Given that the fund valuations are now in the process of recovering to reach their former level (i.e. prior to the sanitary crisis), a resurgence in limited partner-led deals can be seen even though the general partner-led deals still seem to be favoured by the market.
Luxembourg as a preferred financing centre for the structuring of the secondary segment
In Europe, continuation vehicles are generally formed as multi-asset continuation funds for diversification purposes, contrary to the US where single-asset vehicles predominate. Given Luxembourg’s strategic situation at the crossroads of Europe and its established financial expertise, Luxembourg is becoming an increasingly competitive location for initiators to structure and set up their secondary funds and notably their continuation vehicles.
The rapid development of Luxembourg’s alternative investment fund servicing infrastructure, combined with the steadily evolving legal structuring toolbox, has enabled Luxembourg to become the leading EU centre for domiciling alternative investment fund managers, alternative investment funds and their acquisition vehicles in the same jurisdiction. In Luxembourg, there is a complete fund structuring toolbox to respond to each investment manager’s specific needs.
Whatever the initiator’s priorities in terms of structuring secondary funds, the wide range of Luxembourg vehicles available should satisfy initiators’ and investors’ needs by accommodating (semi-) open-ended and closed-ended strategies with different levels of regulation, from the classic non-regulated special purpose vehicles, special limited partnerships and reserved alternative investment funds (RAIFs), to the regulated specialised investments (SIFs) and sociétés d’investissement en capital à risque (SICARs).
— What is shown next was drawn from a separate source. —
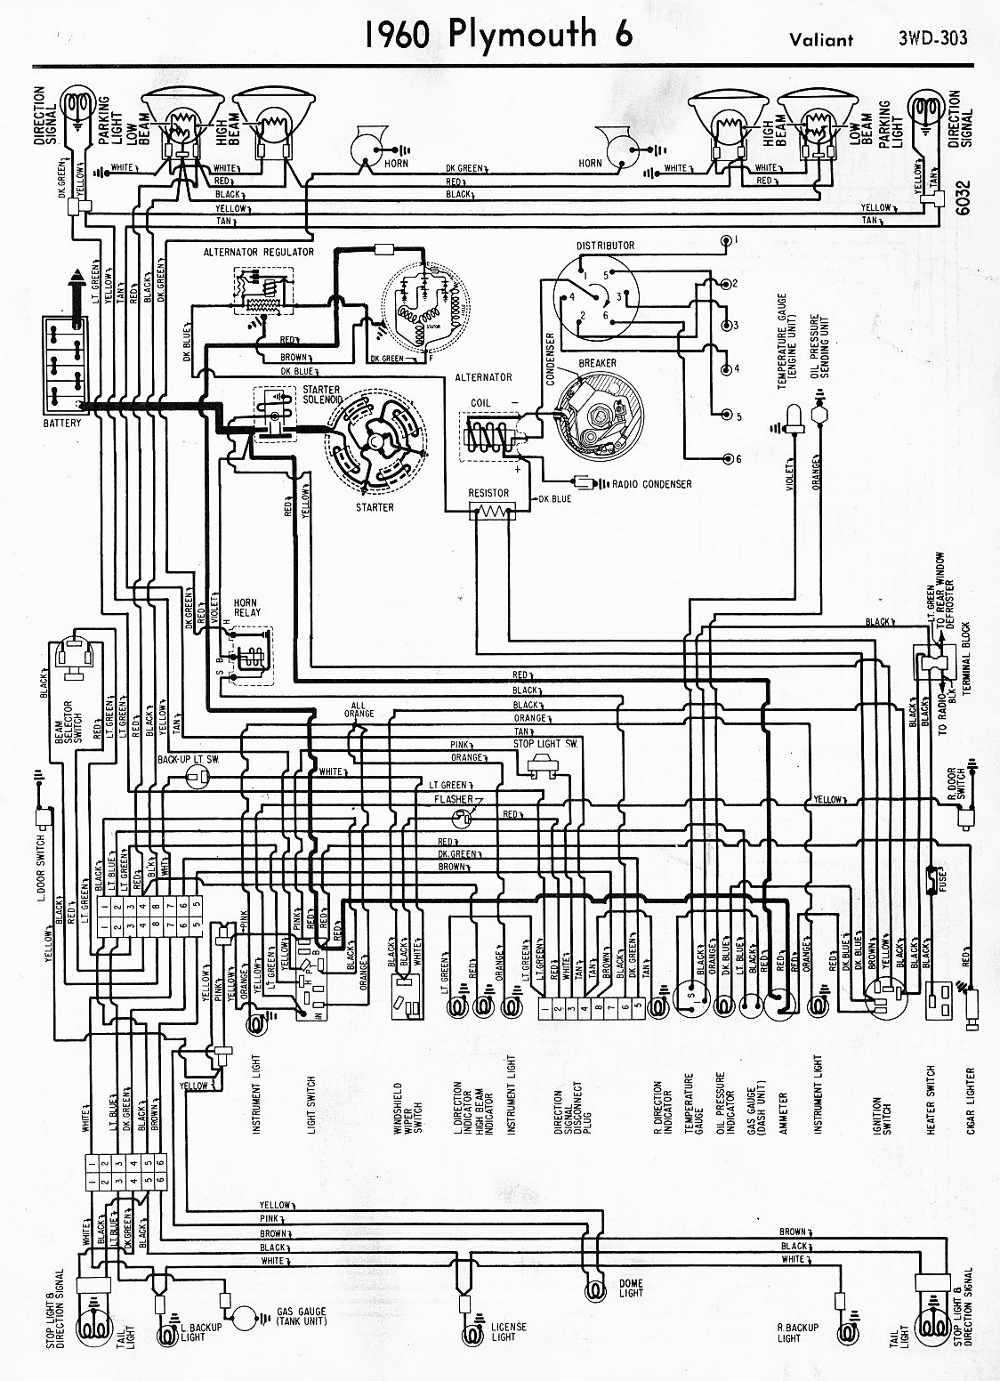 chrysler valiant wiring diagram simple wiring diagram dodge dakota wiring diagrams 1966 plymouth valiant wiring diagram [ 1000 x 1381 Pixel ]

As Luxembourg is a member of the European Union, the marketing of a secondary fund qualifying as an alternative investment fund (AIF) can be accomplished without difficulty within the European Union because of the alternative investment funds directive (AIFMD) marketing passport.
As an alternative to non-regulated special purpose vehicles, secondary funds formed as continuation vehicles could also be organised as special purpose acquisition companies (or SPACs) which, if needed, could be structured to be eligible for the alternative investment fund status under the AIFMD. A SPAC could be a solution for a single asset deal and/or for an entire portfolio depending on general partner liquidity needs.
Once again, Luxembourg knows how to play the game admirably well and appears to be one of the favoured financing hubs with respect to secondaries segment structuring. Thanks to its political stability, its corporate flexibility and its efficient and sophisticated investment fund toolbox, as well as the fact that it is an established and well-known GPs and LPs financial centre for primary deals, it has become a key centre for GPs and LPs to build their secondary vehicles.